Automakers grapple with New-Age dilemma: software or hardware?

Ford Sync
A somewhat older but no less relevant article by Bill Visnic on how automakers are diverging around the question of how to approach the onboard “infotainment” revolution.

“For each OEM, the basic decision about infotainment is this: whether to “embed” most of the enabling hardware and software for wireless communications into the infrastructure of the vehicle, essentially creating their own mobile devices — or to minimize such integration and concentrate on producing the best possible interfaces with cell phones, smart phones and other devices consumers already are using and bringing into the vehicle.

Ford sits more or less at one end of the spectrum with Sync, whose strength on a practical and marketing basis seems to be that the system makes it easy to use already-favorite wireless devices and programs in Ford’s cars. […]

On the other end of the scale is GM, which committed itself mainly to an embedded strategy nearly two decades ago with OnStar, building the service into its vehicles — and basically has stuck with that approach since then.”

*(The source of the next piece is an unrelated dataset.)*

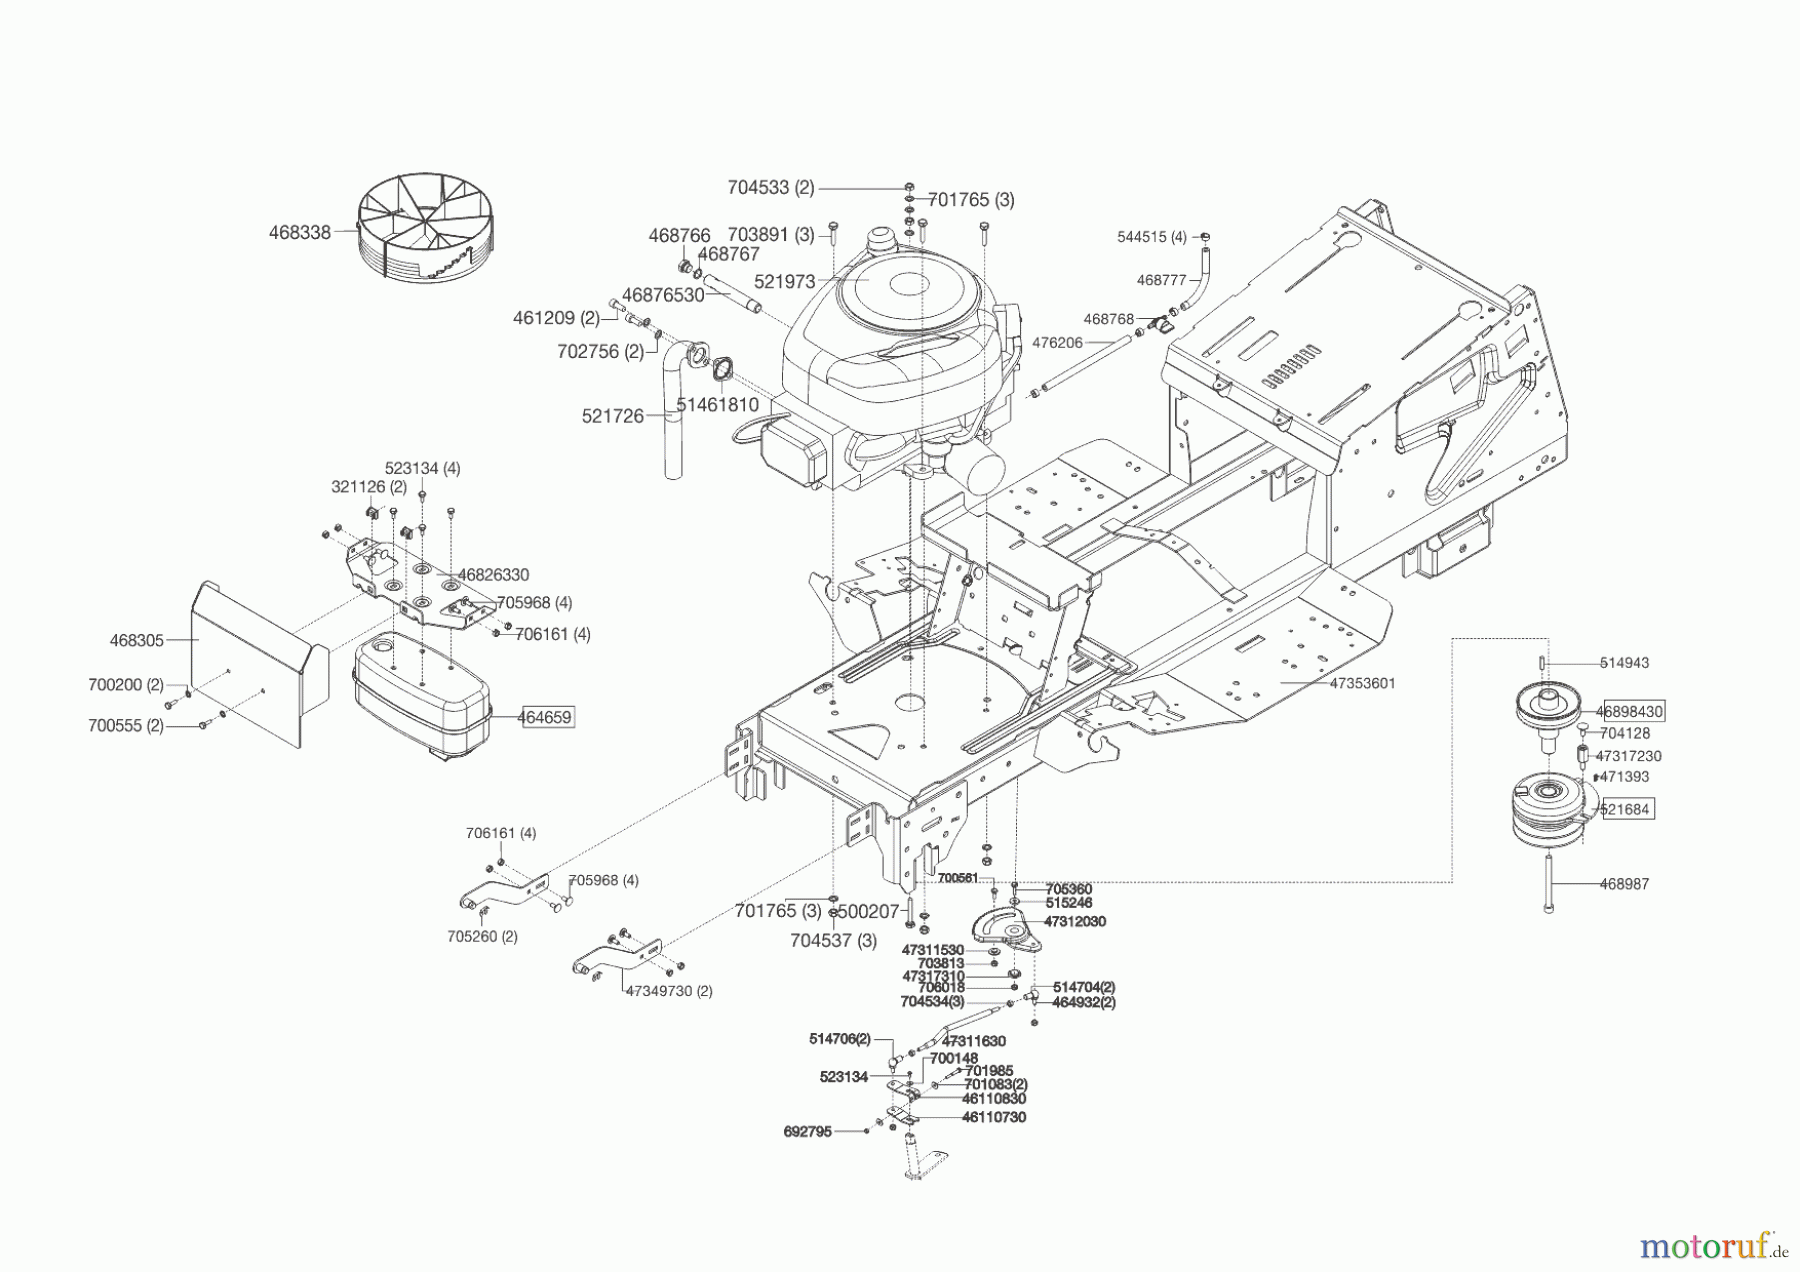  Powerline Gartentechnik Rasentraktor T 18-95.4 HD  ab 09/2016 Seite 2

In setting its strategy, Viscnic says, each OEM is wrestling with the following realities:

  • The demographics of the customer: Unanimously, OEMs see interest in heavily embedded devices and systems being stronger with older people and higher in luxury segments.
     
  • The rate of change: Automakers have long had difficulty keeping up with the incredibly fast pace of change in digital technology compared with the relatively slow speed at which new systems and technologies take root in vehicles and with the overall product cycle of cars. But now the tension is getting worse.
     
  • The ubiquity of mobile devices: Seventy percent of mobile-phone use occurs inside vehicles, so “a responsible OEM” must consider how consumers interact with handsets and other peripherals in the vehicle. Yet smart phones at this point comprise only about 20 percent of the mobile-phone market.
     
  • The tyranny of apps: Consumers increasingly expect to be able to use all their favorite websites and apps on their smart phones in the vehicle even if it isn’t safe for them to do so while driving.
     
  • The issue of redundancy: One of the big advantages of a tethered system is it doesn’t require users of onboard infotainment services to subscribe to another wireless service, such as OnStar or Safety Connect.
     
  • The robustness of onboard systems: For what safety services promote and offer, they really can’t depend on brought-in mobile devices.
     
  • The role of safety: The issue of how infotainment affects driver and passenger safety is on everyone’s lips.